**Exercise brief:**
Nothing outside the lines below from the one containing "input on TV." through the one containing "Splash About Happy" is to be printed; print those exactly, ends included, and drop the pictures.

**Exercise inputs:**
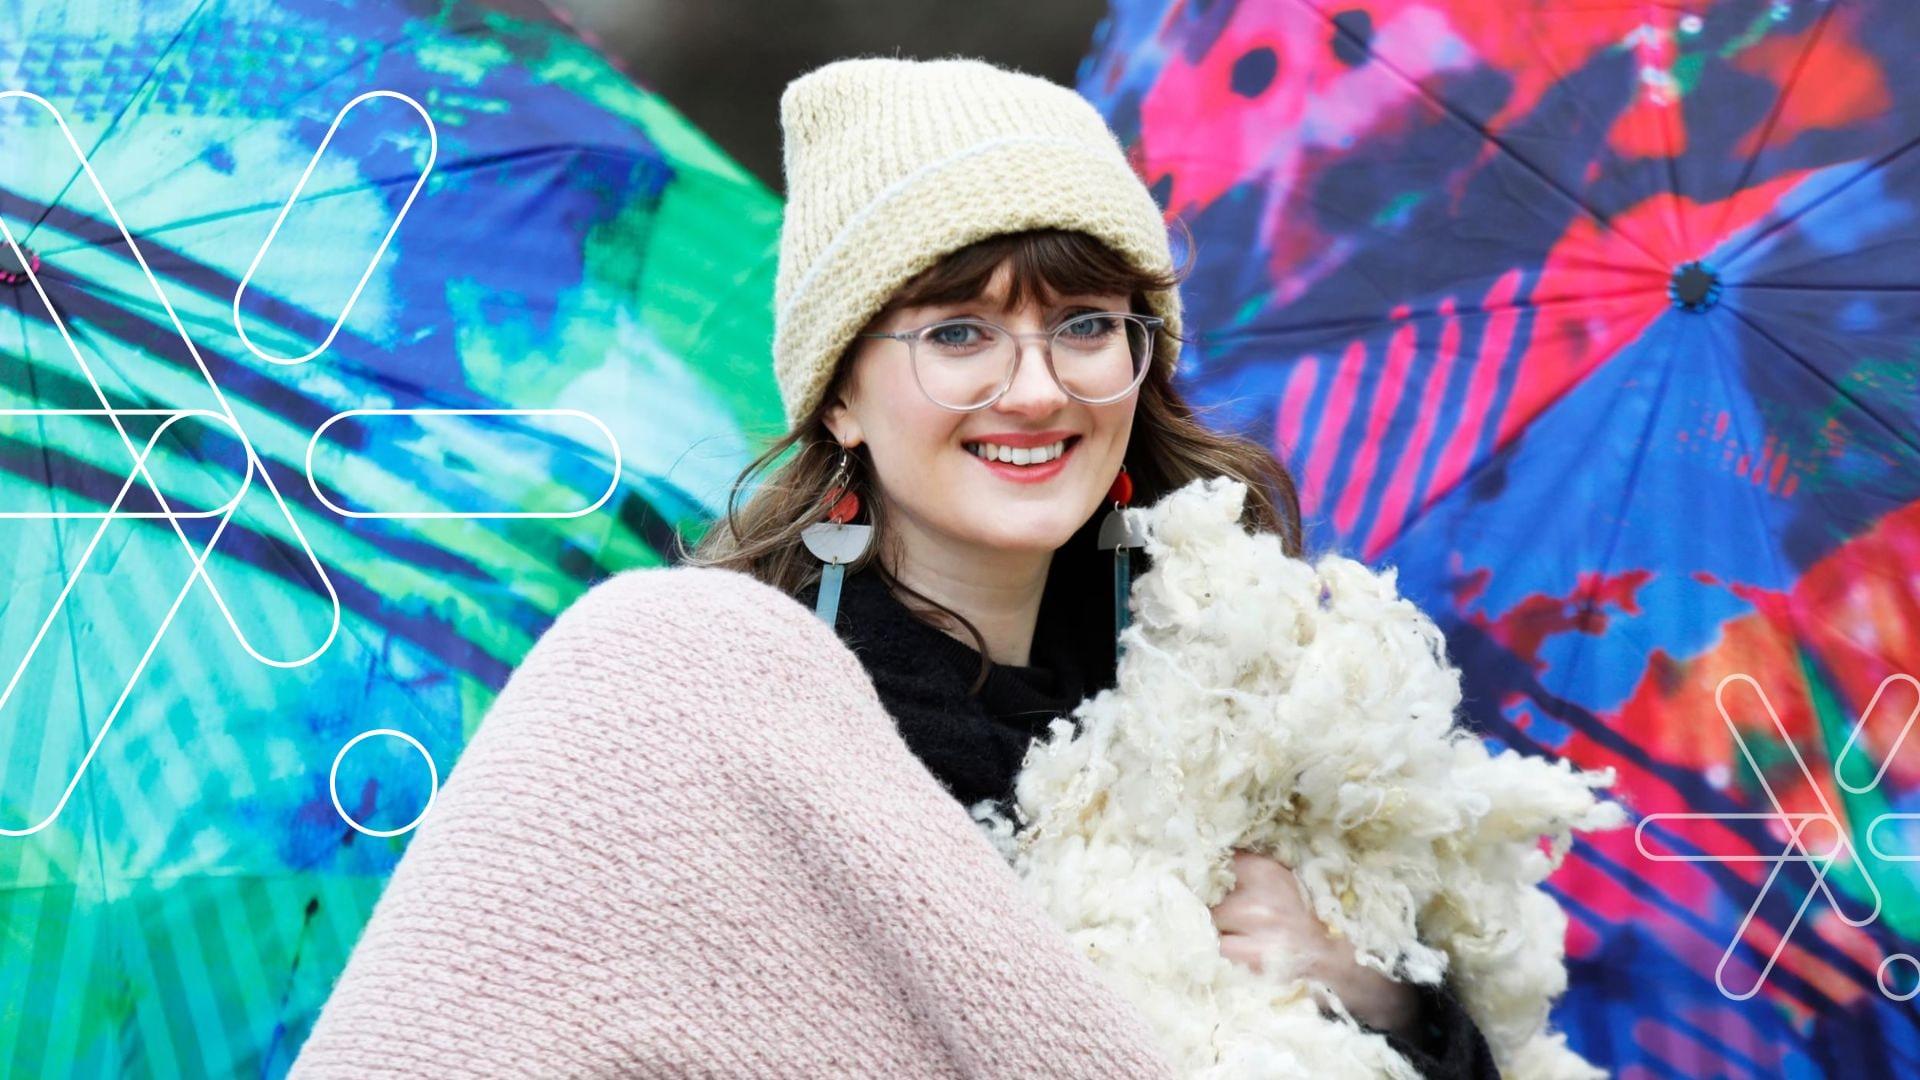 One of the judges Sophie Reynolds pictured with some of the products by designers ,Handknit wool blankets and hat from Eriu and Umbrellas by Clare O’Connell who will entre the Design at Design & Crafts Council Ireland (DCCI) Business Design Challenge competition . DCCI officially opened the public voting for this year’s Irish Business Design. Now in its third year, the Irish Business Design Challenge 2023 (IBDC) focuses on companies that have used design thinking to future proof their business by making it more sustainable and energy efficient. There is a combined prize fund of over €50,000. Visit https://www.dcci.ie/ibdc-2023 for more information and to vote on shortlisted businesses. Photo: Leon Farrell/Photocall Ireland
==
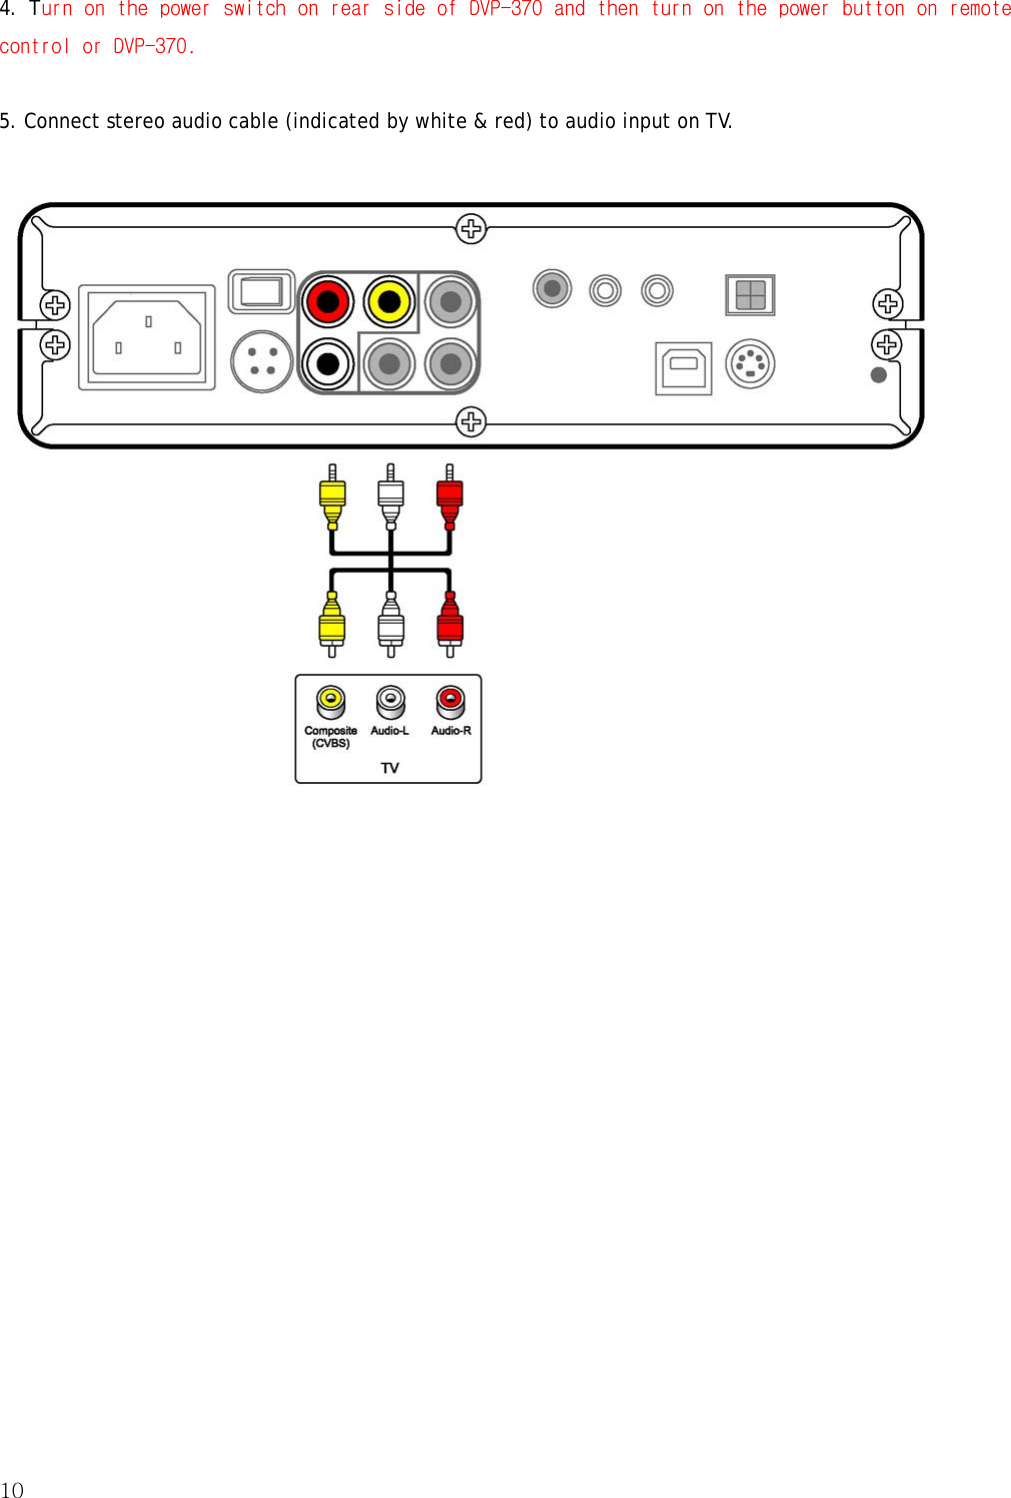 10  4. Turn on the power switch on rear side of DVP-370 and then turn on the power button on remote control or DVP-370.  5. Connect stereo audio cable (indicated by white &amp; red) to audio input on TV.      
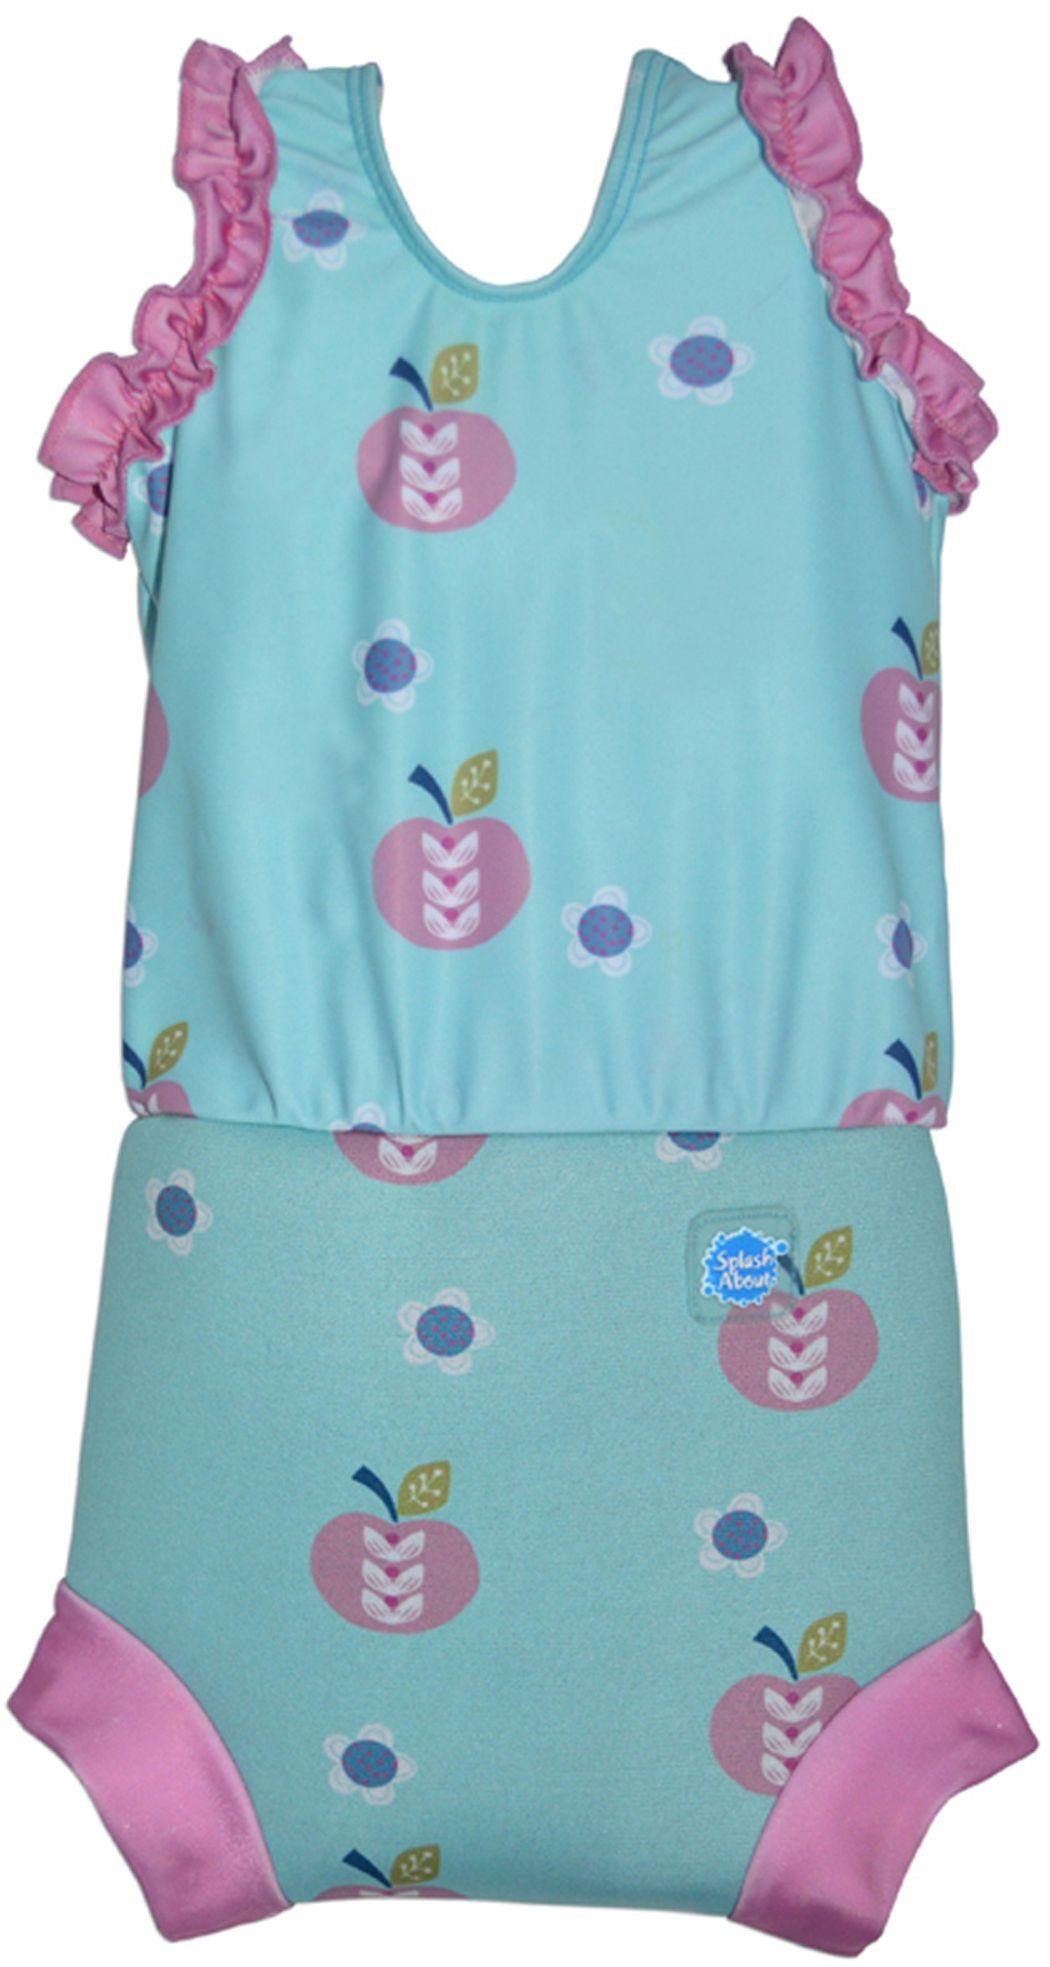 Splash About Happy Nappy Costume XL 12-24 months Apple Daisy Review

**Answer for the task:**
 10  4. Turn on the power switch on rear side of DVP-370 and then turn on the power button on remote control or DVP-370.  5. Connect stereo audio cable (indicated by white &amp; red) to audio input on TV.      
 Splash About Happy Nappy Costume XL 12-24 months Apple Daisy Review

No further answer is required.